Most of the time we don’t know how the journey is going to end.  The Frankfort football team saw their journey end last night with a tough game on Wheeling Island.  It’s not that they played a bad game, but to be honest – Bridgeport was just too much, just as they had been for every other AA team in the state this year.  Stephan Buser’s ended as he stood with his surgically repaired (and still healing) ankle lifted in his cast, in the running back spot so he could be on the field in the championship game, as Gage Shaffer took a knee on the last play of the game.

The football team reminded me this year to appreciate the journey.  The journey has ups and downs.  I was there in Oak Glen to see one of the lowest points of the season when Stefan Buser suffered his horrific injury.  I was there to see the great highs of the double overtime against RCB and the goal line stand against Keyser in OT.  And what a great part of the journey when the Mineral Bowl trophy showed up in church and was the subject of the children’s message.  I was blessed to be able to be on the field with this wonderful team as they held their runner up trophy and bowed in prayer.  As I prayed with them, I thanked God for allowing them to experience the journey that was this football season.  And I thanked Him that because of them, there were kids in the stands who could not wait to be Frankfort Falcons.

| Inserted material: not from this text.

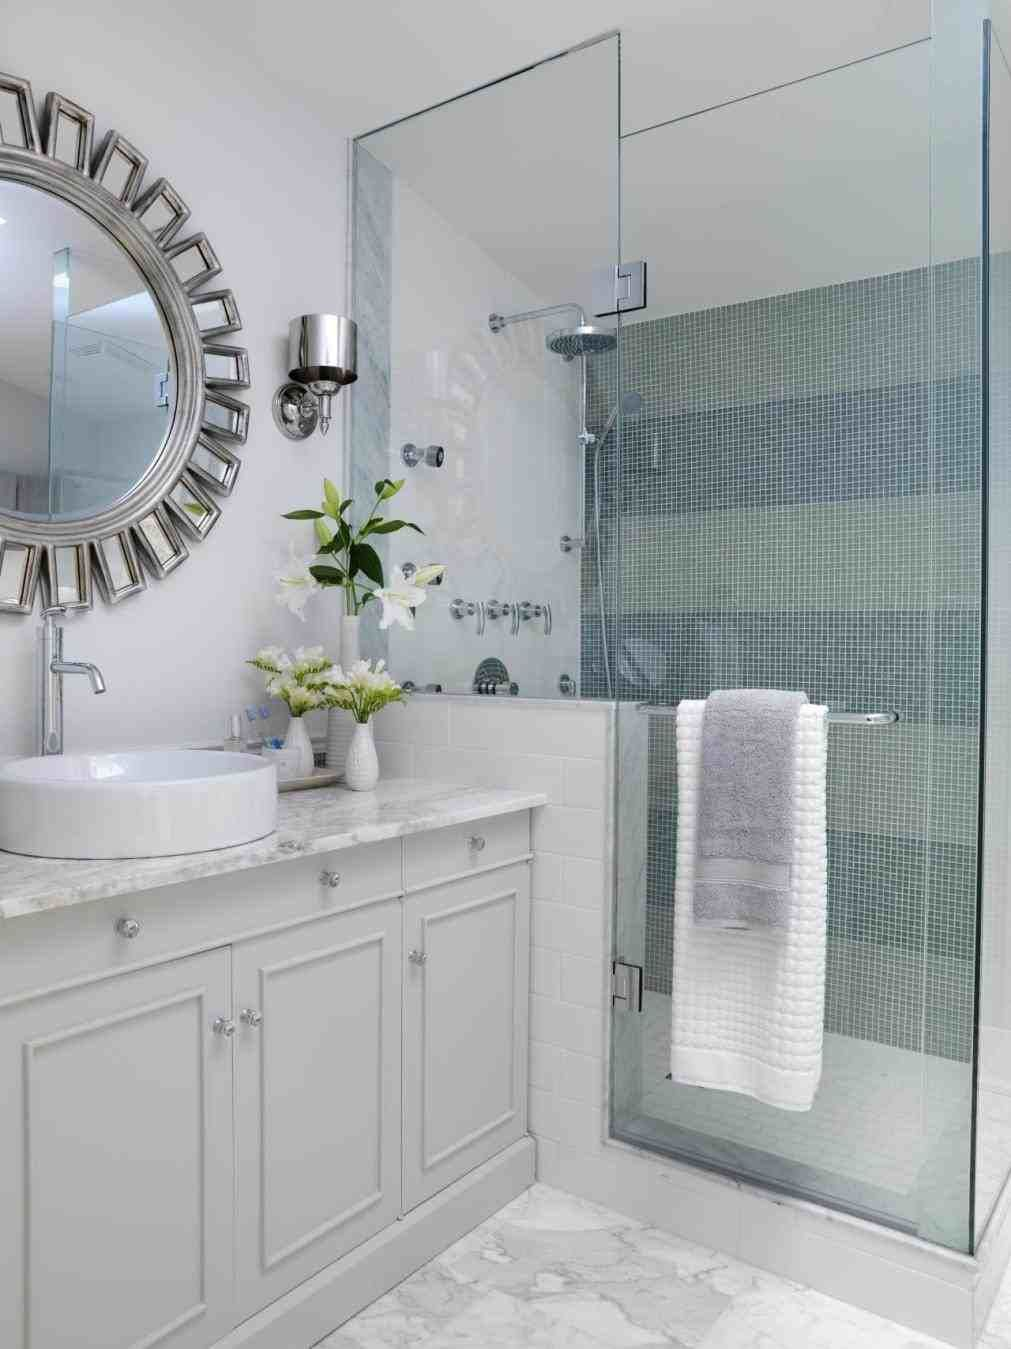 New Post Lanka Tiles Bathroom Designs Visit Bobayule Trending Decors Bathroom Tile Designs Bathroom Design Small Small Bathroom Tiles
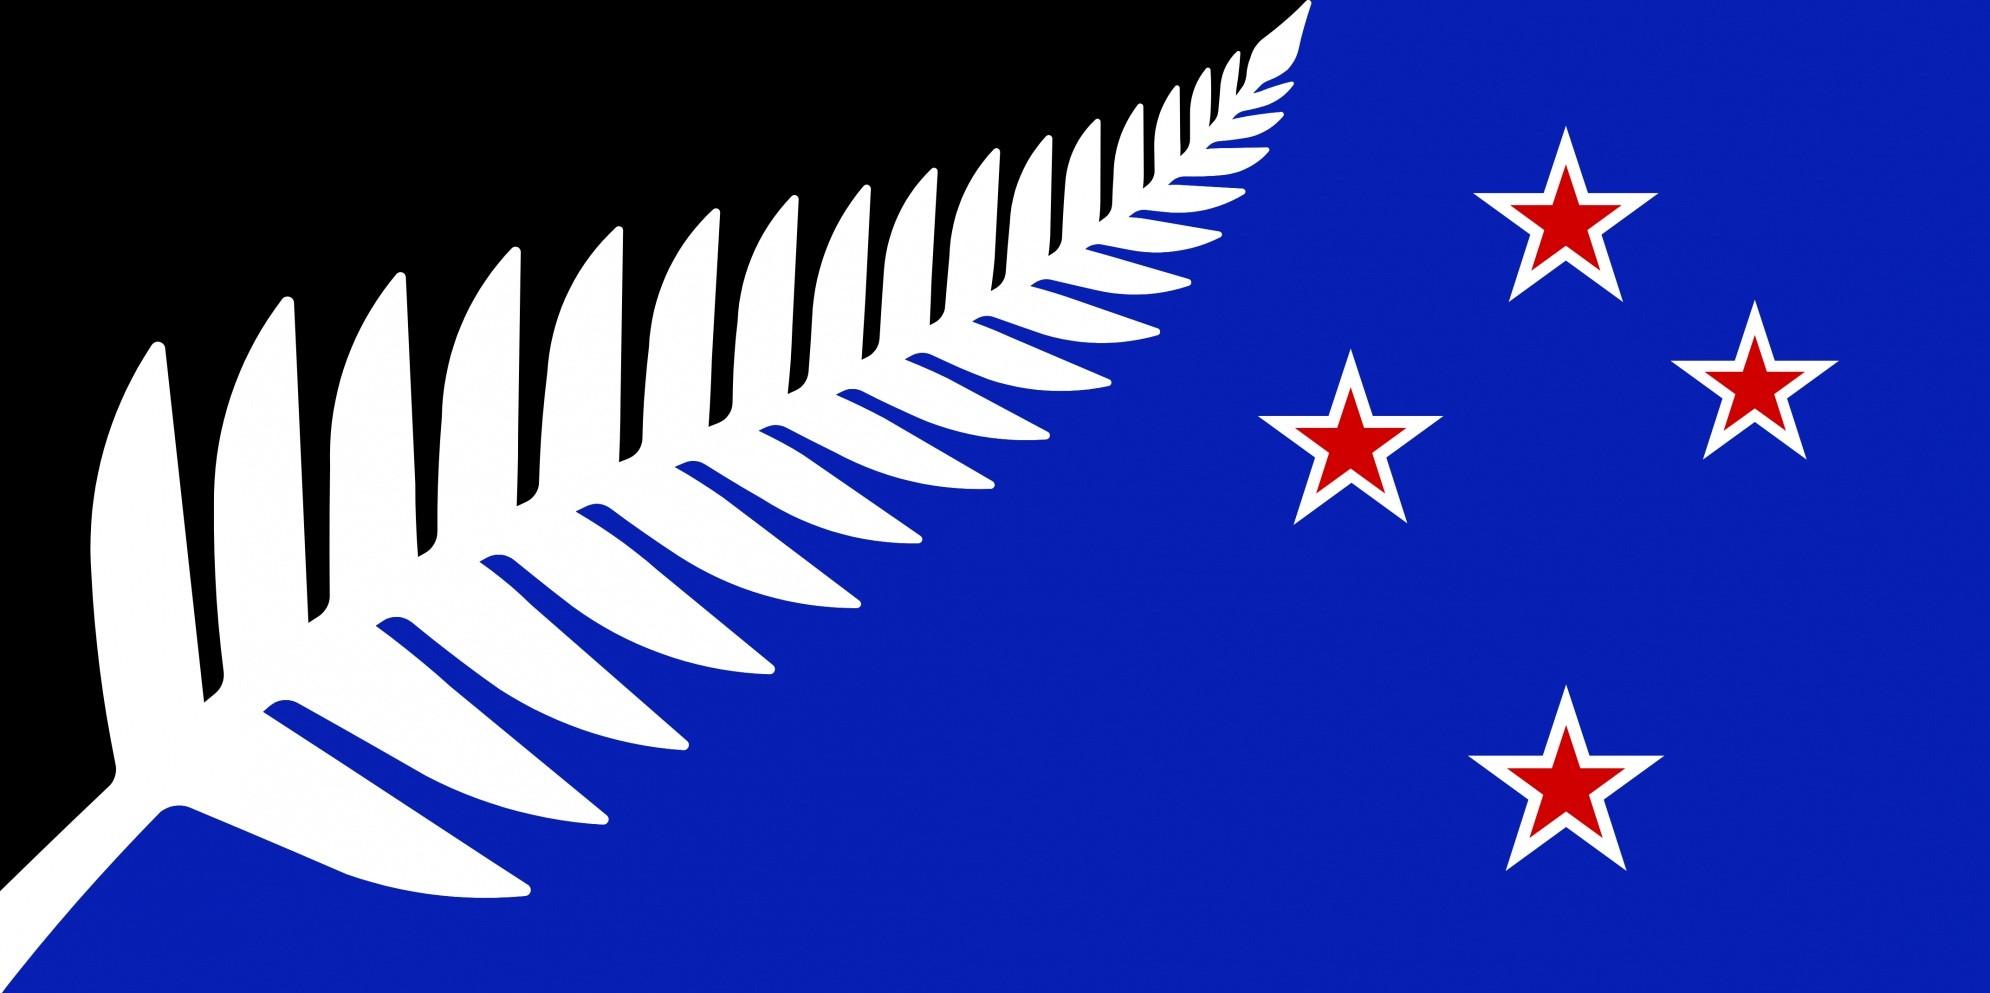 флаг новая зеландия (альтернативный) / govt.nz

I pray that today’s blog serves as a reminder to you to savor this journey of life.  We never know how or when it will end, but what’s important is that we appreciate the journey and never give up on it, always believing that the difficult times are temporary.

I want to end with this quote from missionary Jim Elliot, who was killed in the mid 1950’s in the mission field in Ecuador:  “Wherever you are, be all there! Live to the hilt every situation you believe to be the will of God.”